FIG. 4 is a graph showing SDS-PAGE results of purified glycosidase.

FIG. 5 is a plot of optimum temperature vs. pH contours for glycosidases.

FIG. 6 UPLC analysis of the conversion of a mixture of glycosidase combination treated PPD-type ginsenosides for 24 hours.

FIG. 7 heatmap of the relative content of PPD-type ginsenosides in glycosidase conversion reactions.

Figure 8 yield of each rare ginsenoside in all glycosidase combinations.

FIG. 9 Loading efficiency and thermostability of immobilized β -glucosidase. (A) Fixing Bglpm and Bgp1 on a hollow fiber column; (B) storage stability determination of immobilized Bgp1 and BglPm.

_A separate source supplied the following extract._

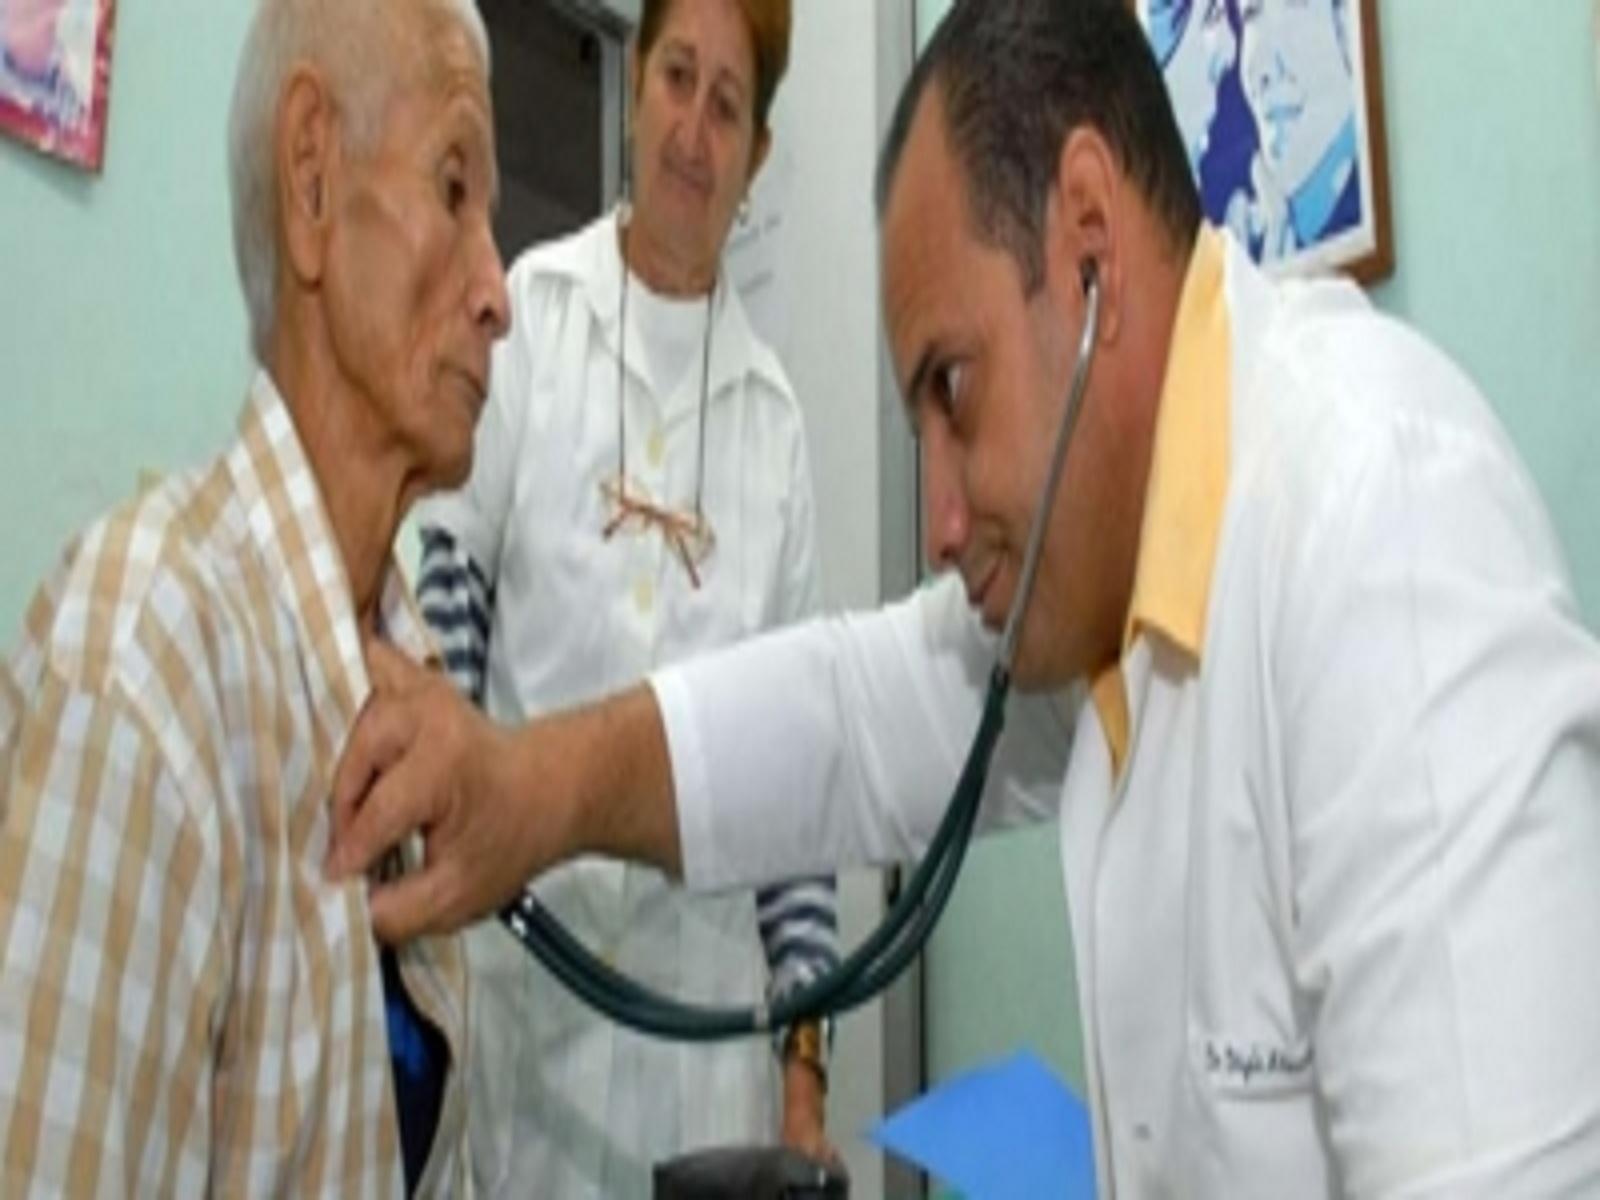 Salud pública en Cuba

Fig. 10 UPLC results of combined conversion of PPD-type ginsenoside mixtures by β -glucosidase Bgp1 and BglPm.

Detailed Description

The invention is further described below in conjunction with specific embodiments, the advantages and features of which will become apparent from the description. These examples are illustrative only and do not limit the scope of the present invention in any way. It will be understood by those skilled in the art that various changes in form and details may be made therein without departing from the spirit and scope of the invention, and that such changes and modifications may be within the scope of the invention.